## Record extracts
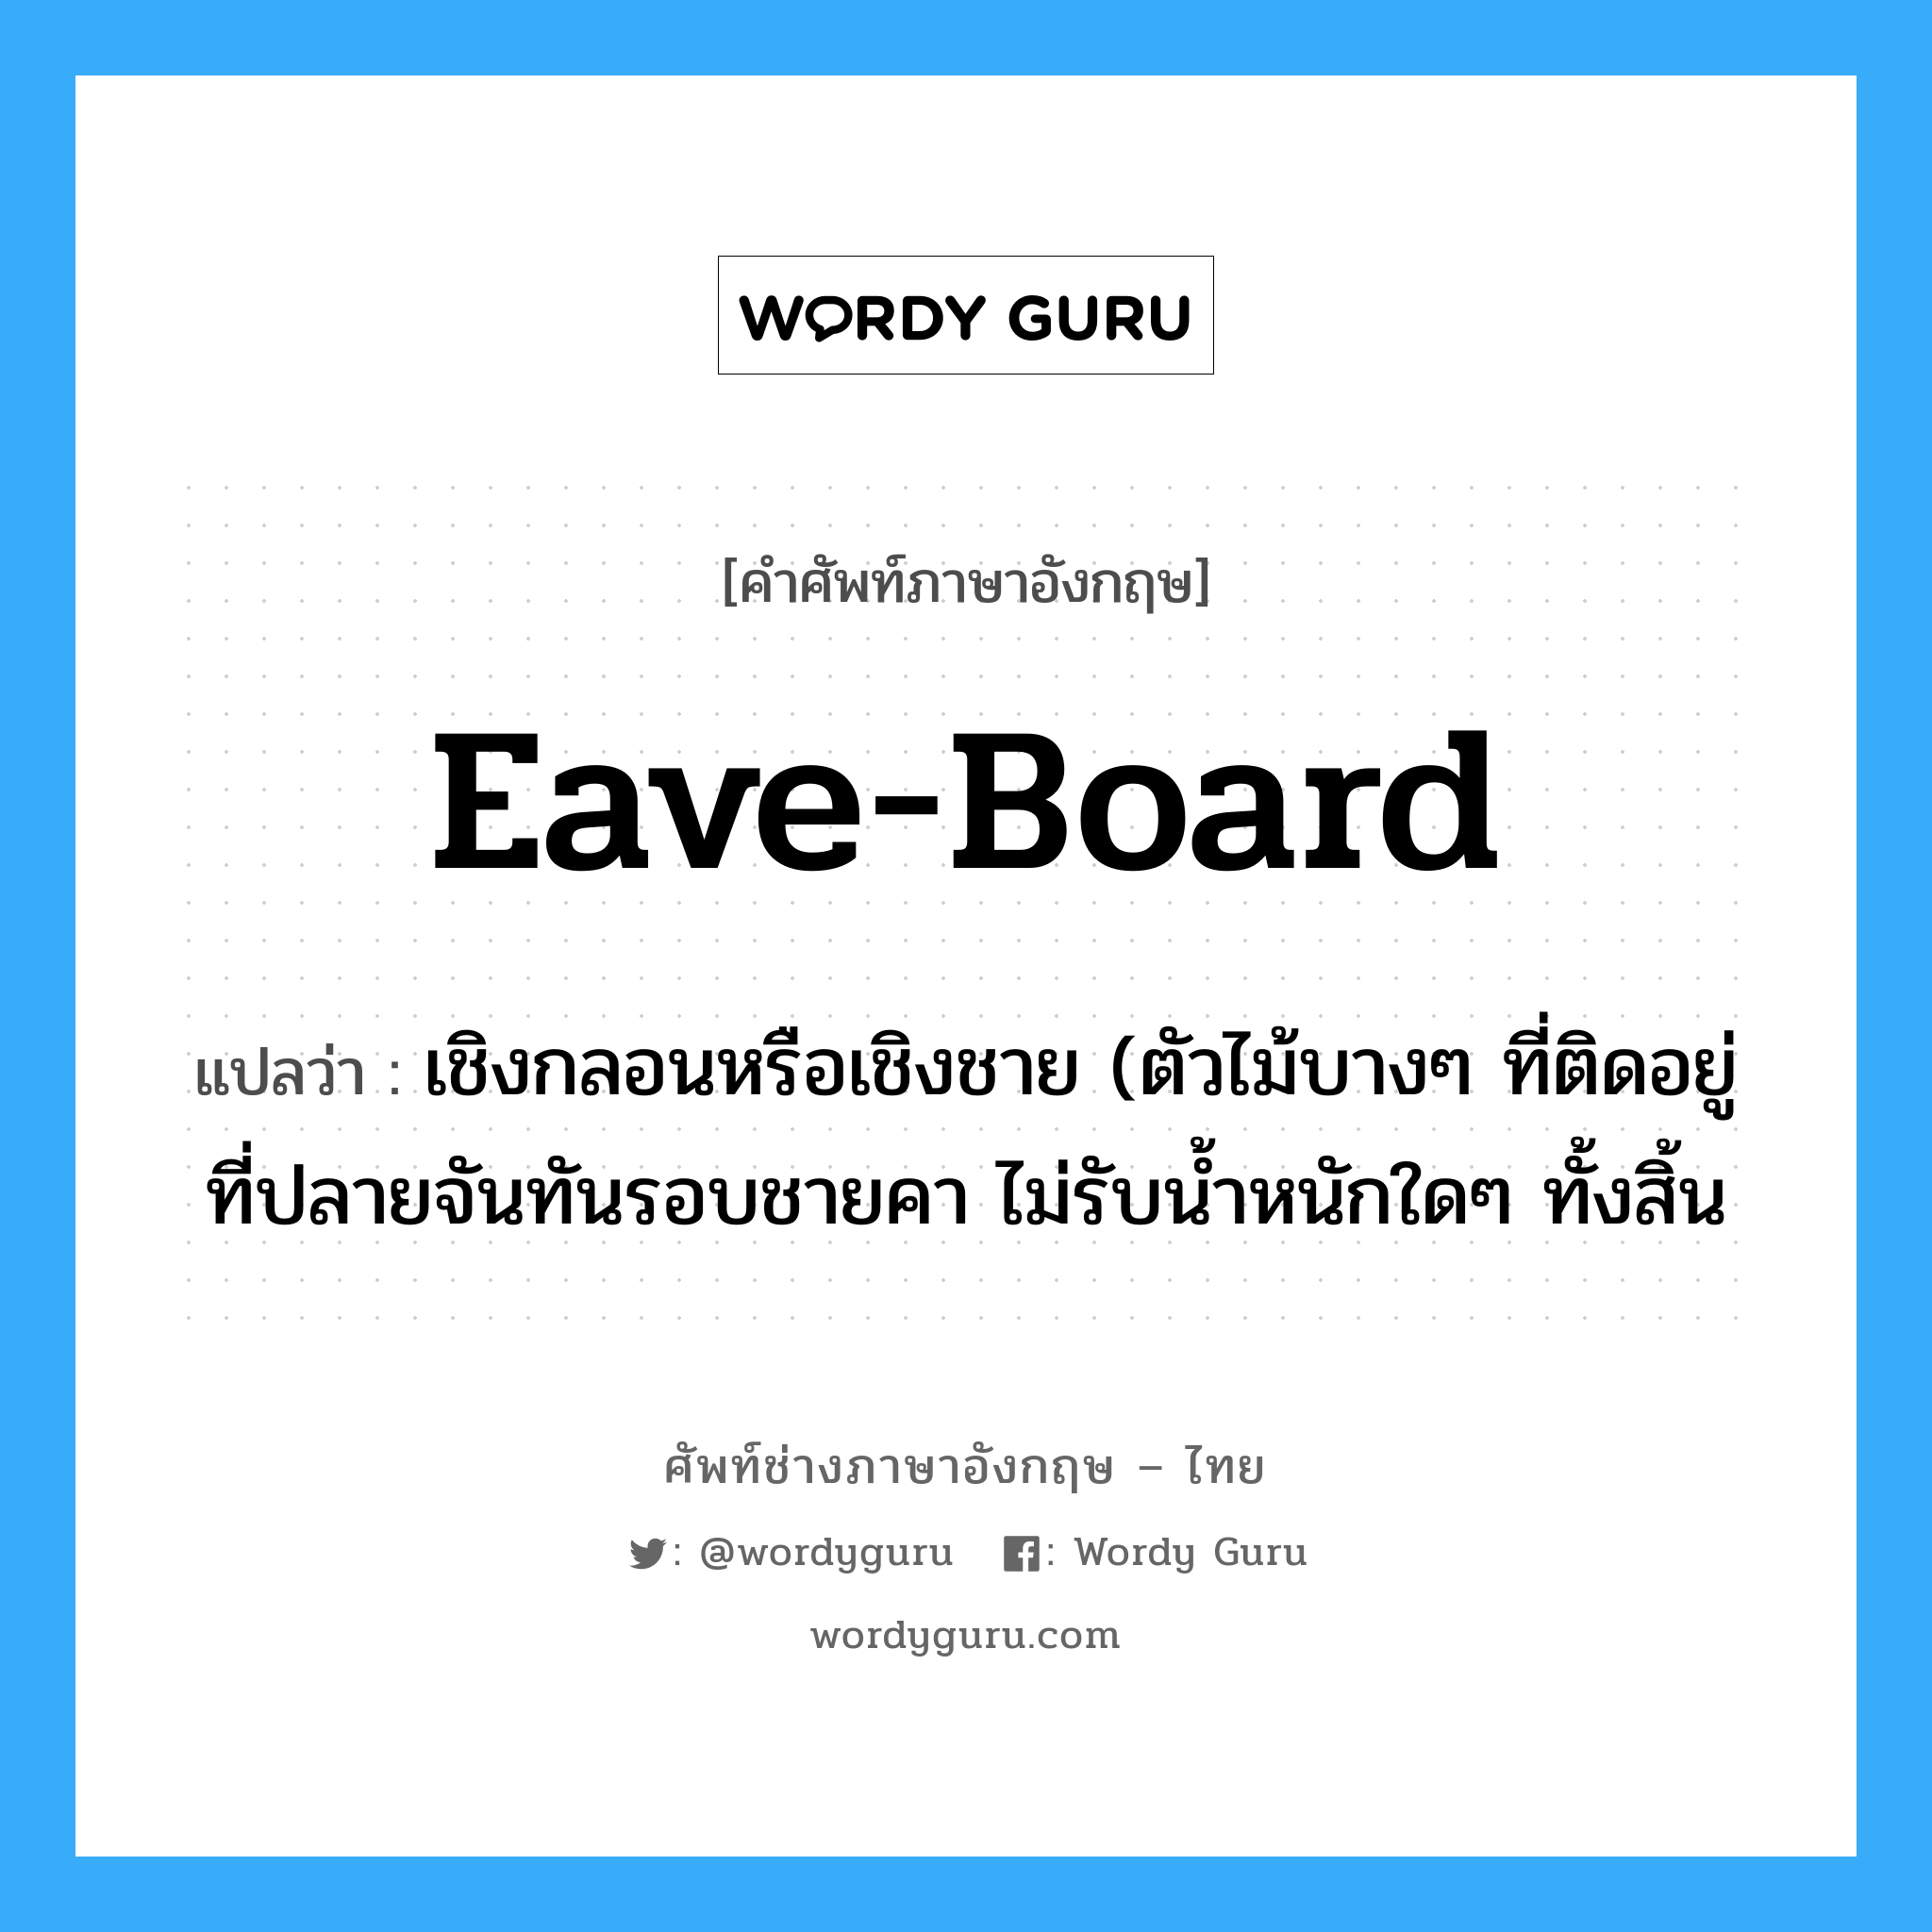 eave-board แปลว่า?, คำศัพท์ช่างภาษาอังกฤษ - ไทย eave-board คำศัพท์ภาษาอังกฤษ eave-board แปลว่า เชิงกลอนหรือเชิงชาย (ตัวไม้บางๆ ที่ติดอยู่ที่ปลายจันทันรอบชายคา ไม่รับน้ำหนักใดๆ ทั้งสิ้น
==
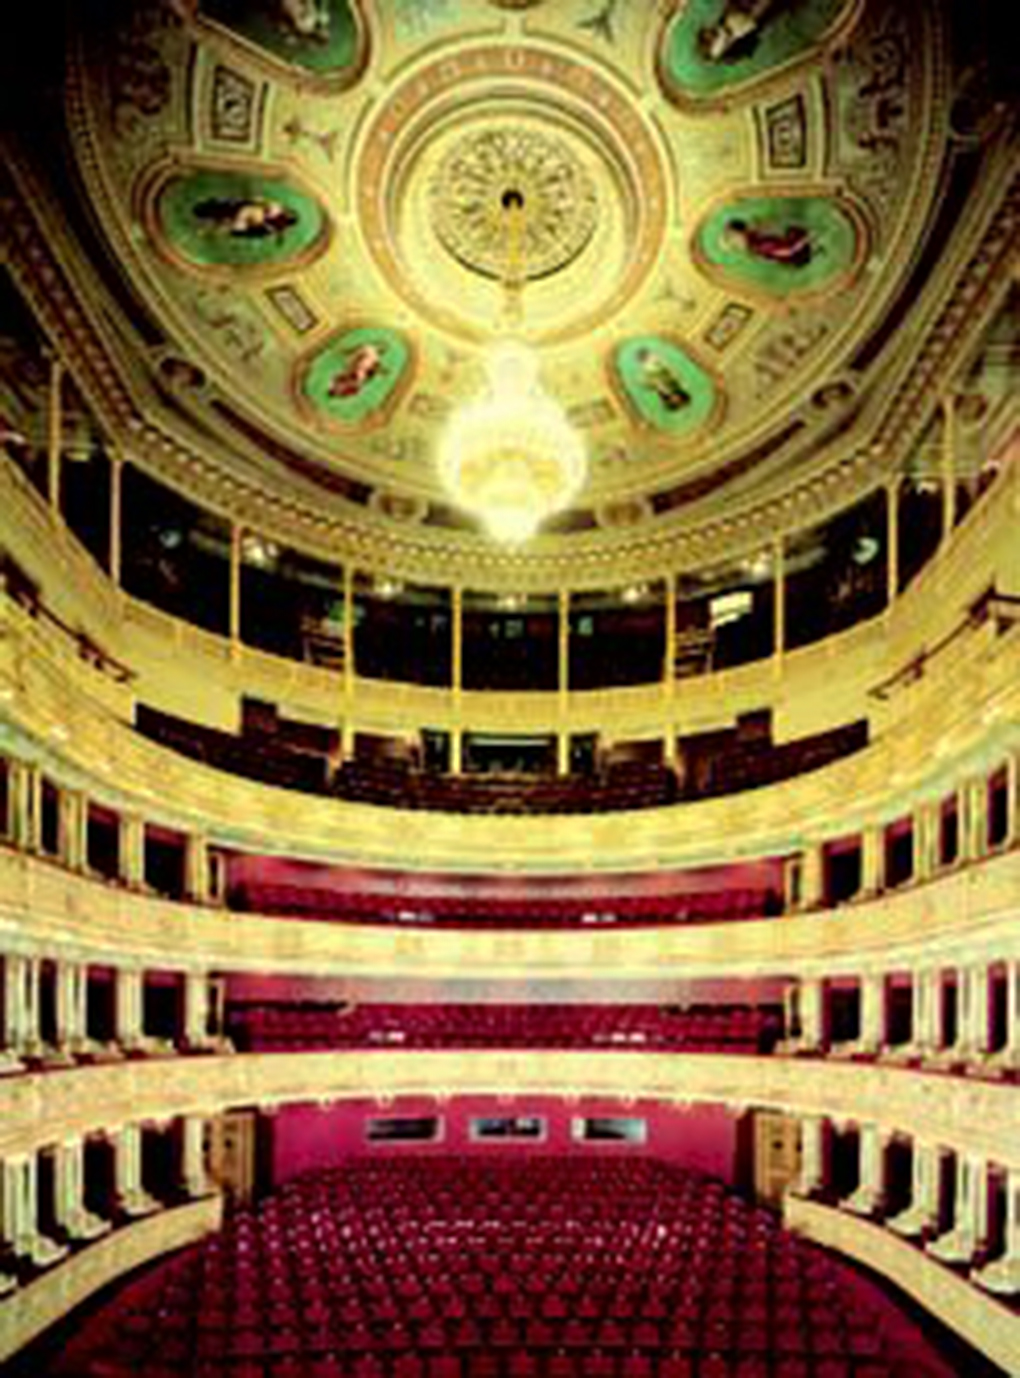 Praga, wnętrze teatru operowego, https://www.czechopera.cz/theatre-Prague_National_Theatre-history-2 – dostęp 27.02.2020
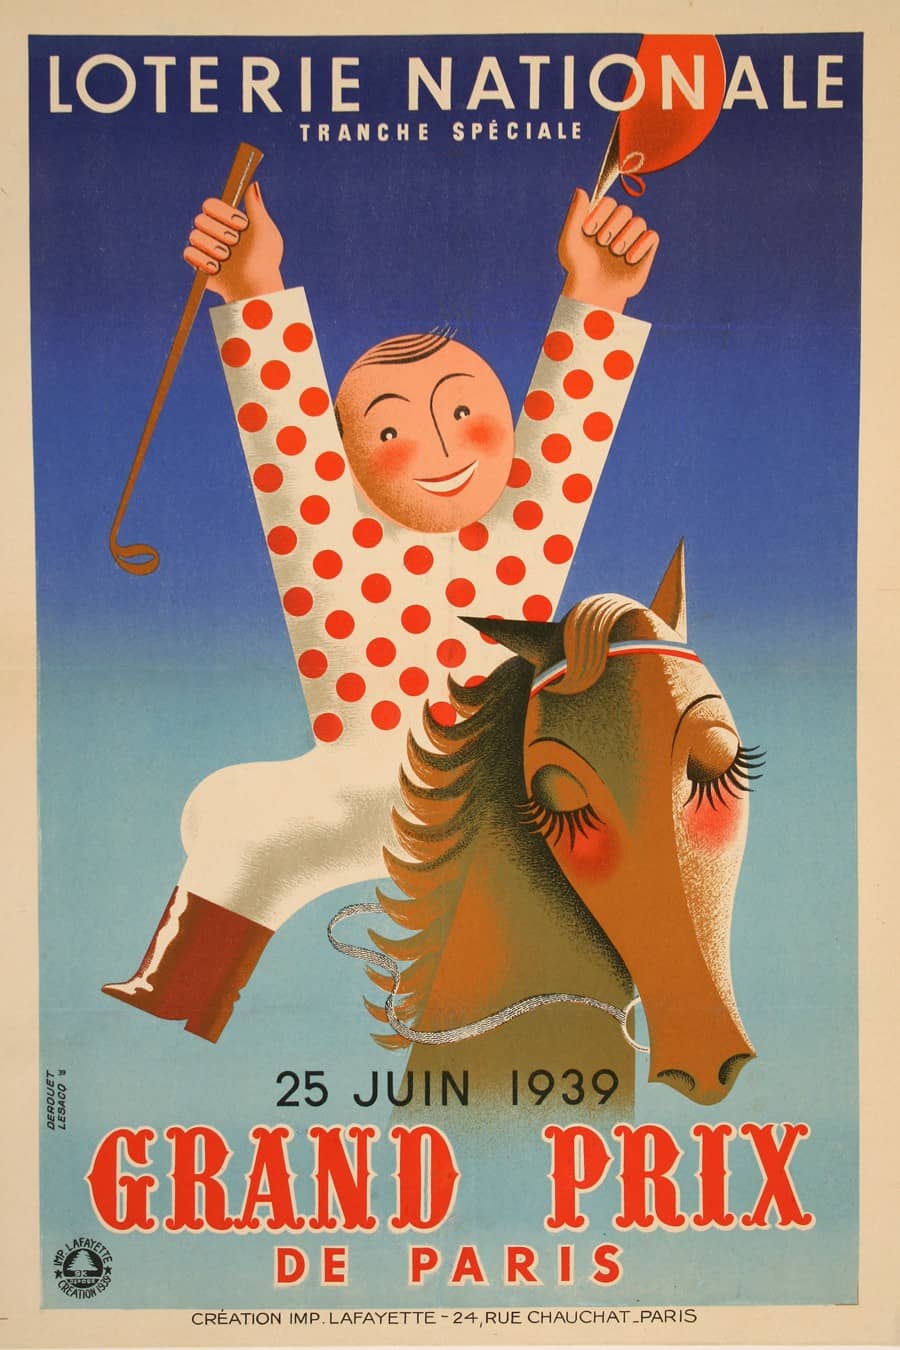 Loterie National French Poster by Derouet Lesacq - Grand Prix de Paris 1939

## Problem statement
Go down the entries above from the line containing "Praga, wnętrze teatru" to the line containing "Loterie National French" and write out each line exactly, leaving pictures out.

## The answer
 Praga, wnętrze teatru operowego, https://www.czechopera.cz/theatre-Prague_National_Theatre-history-2 – dostęp 27.02.2020
 Loterie National French Poster by Derouet Lesacq - Grand Prix de Paris 1939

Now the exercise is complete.